新浪新闻：http://news.sina.com.cn/society/

Date：20180920

Author：lizm

Description：获取新浪新闻

'''

import requests

from bs4 import BeautifulSoup

from urllib import request

import sys

import re

import os

def getNews(title,url,m):

    Hostreferer = {

        'User-Agent': 'Mozilla/5.0 (Windows NT 6.1; Win64; x64) AppleWebKit/537.36 (KHTML, like Gecko) Chrome/68.0.3440.106 Safari/537.36'

    }

    req = request.Request(url)

    response = request.urlopen(req)

    #过滤非utf-8的网页新闻

    response = response.read().decode('utf-8',"ignore")

    soup = BeautifulSoup(response,'lxml')

    tag = soup.find('div',class_='article')

    if tag == None:

        return 0

    #获取文章发布时间

    fb_date = soup.find('div','date-source').span.string

    #获取发布网站名称

    fb_www= soup.find('div','date-source').a.string

    #获取文章内容

    rep = re.compile("[\s+\.\!\/_,$%^*(+\"\']+|[+<>?、~*（）]+")

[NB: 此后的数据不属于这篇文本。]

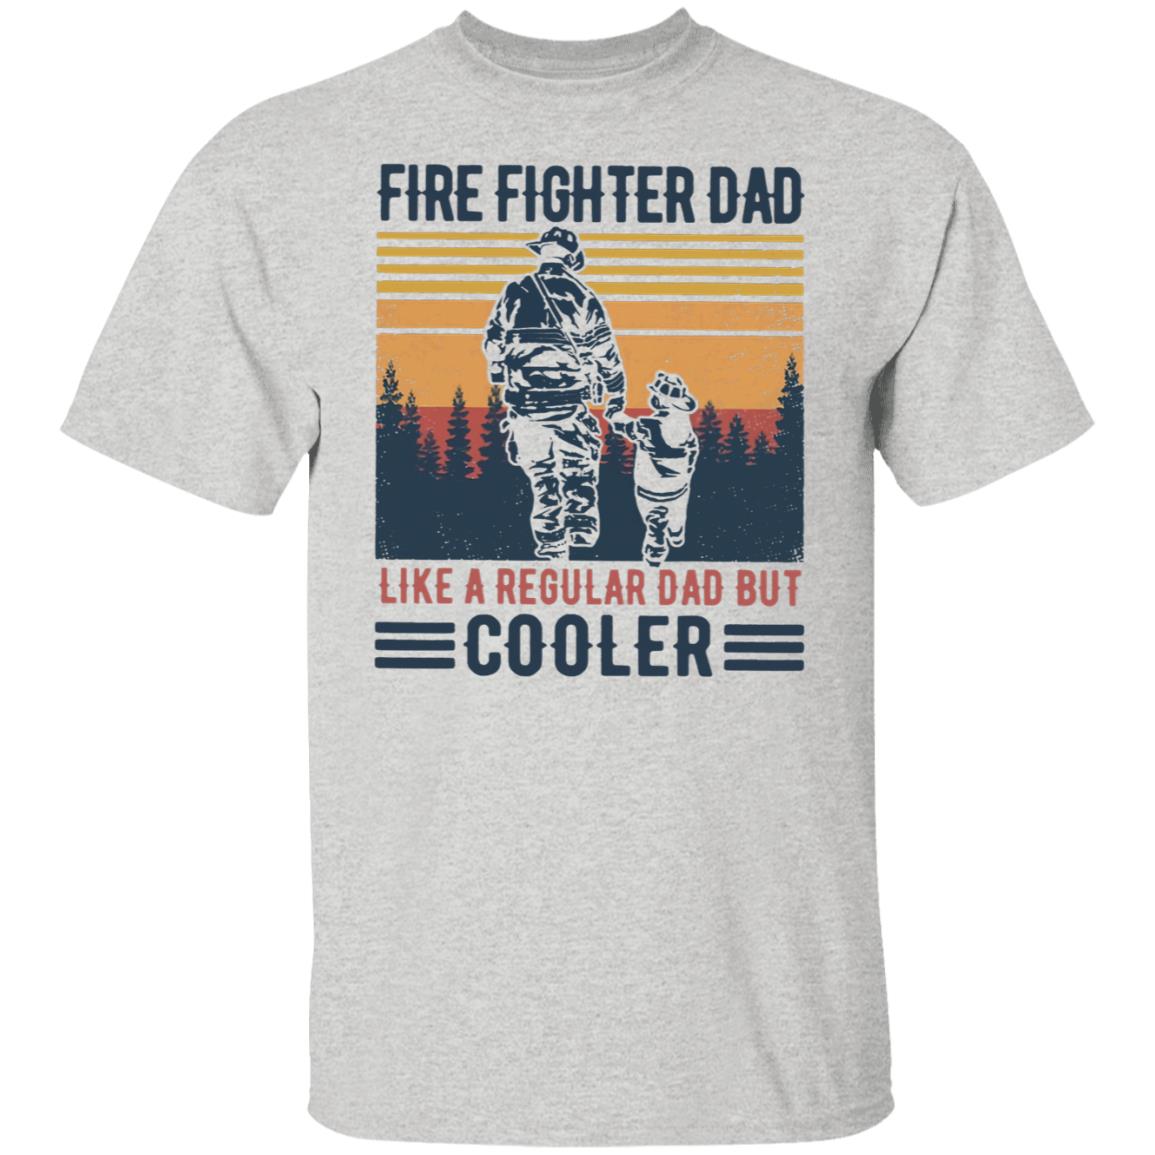 Firefighter Dad Like A Regular Dad But Cooler T-shirt for Dad
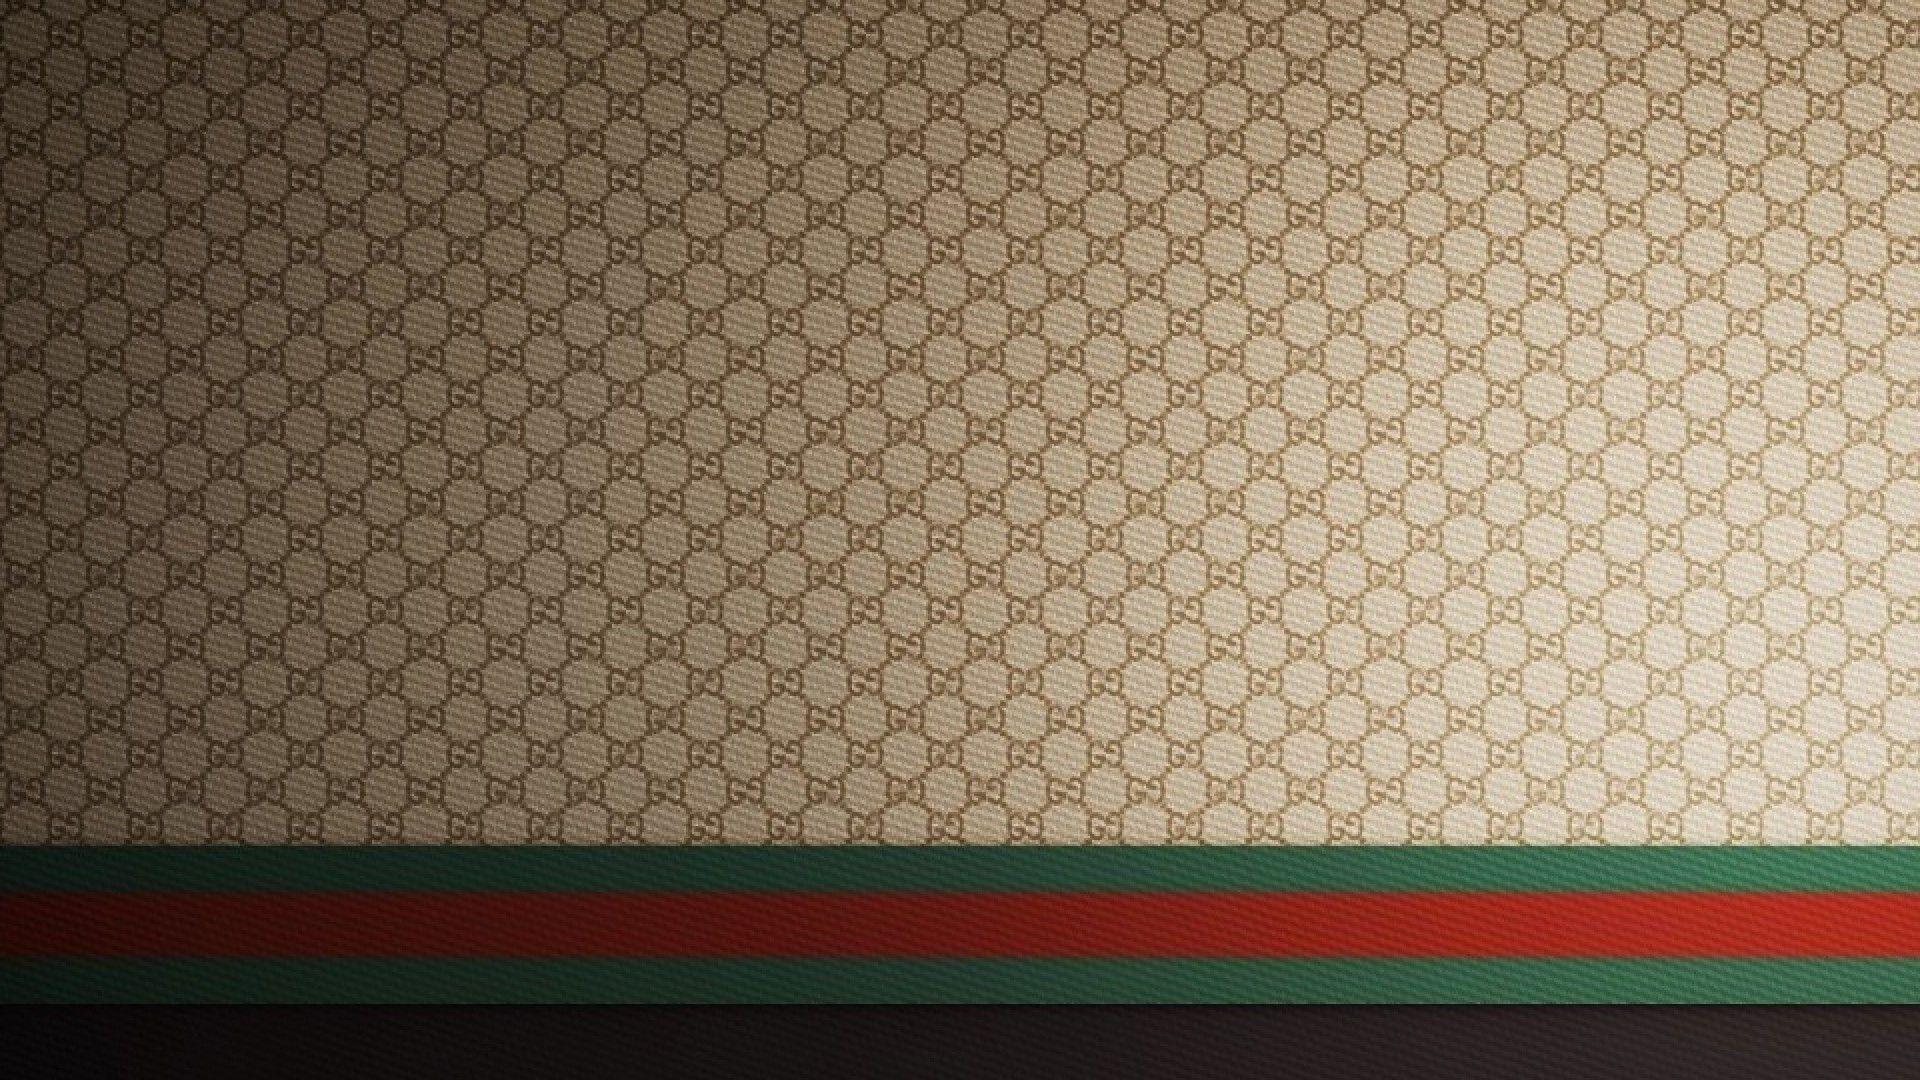 Gucci wallpaper HD free download. ♚Gucci in 2019

    title = rep.sub('',title)

    title = title.replace(':','：')

    filename = sys.path[0]+"/news/"+title+".txt"

    with open(filename,'w',encoding='utf8') as file_object:

        file_object.write(fb_date + " " + fb_www)

        file_object.write("\n")

        file_object.write("网址:"+url)

        file_object.write("\n")

        file_object.write(title)

        file_object.write(tag.get_text())

    i = 0

    for image in tag.find_all('div','img_wrapper'):

        title_img = title +str(i)

        #保存图片

        #判断目录是否存在

        if (os.path.exists(sys.path[0]+"/news/"+title)):

            pass

        else:

            #不存在，则新建目录

            os.mkdir(sys.path[0]+"/news/"+title)

        os.chdir(sys.path[0]+"/news/"+title)

        file_name = "http://news.sina.com.cn/"+image.img.get('src').replace('//','')

        html = requests.get(file_name, headers=Hostreferer)

        # 图片不是文本文件，以二进制格式写入，所以是html.content

        title_img = title_img +".jpg"

        f = open(title_img, 'wb')

        f.write(html.content)

        f.close()

        i+=1

    print('成功爬取第', m,'个新闻',title)

    return 0

#获取社会新闻（最新的162条新闻）

def getTitle(url):

    req = request.Request(url)

    response = request.urlopen(req)

    response = response.read().decode('utf8')

    soup = BeautifulSoup(response,'lxml')

    y = 0

    for tag in soup.find('ul',class_='seo_data_list').find_all('li'):

        if tag.a != None:

            #if y== 27:

            print(y,tag.a.string,tag.a.get('href'))

            temp = tag.a.string

            getNews(temp,tag.a.get('href'),y)

            y += 1

if __name__ == '__main__':

    url = 'http://news.sina.com.cn/society/'

    getTitle(url)

二、网易：

网易新闻的标题及内容是使用js异步加载的，单纯的下载网页源代码是没有标题及内容的，我们可以在Network的js中找到我们需要的内容，这里我使用了正则表达式来获取我们需要的标题及其链接，并使用了BeautifulSoup来获取相应标题的内容。

import re

from urllib import request

from bs4 import BeautifulSoup

def download(title, url):

    req = request.urlopen(url)

    res = req.read()

    soup = BeautifulSoup(res,'lxml')

    #print(soup.prettify())

    tag = soup.find('div',class_='post_text')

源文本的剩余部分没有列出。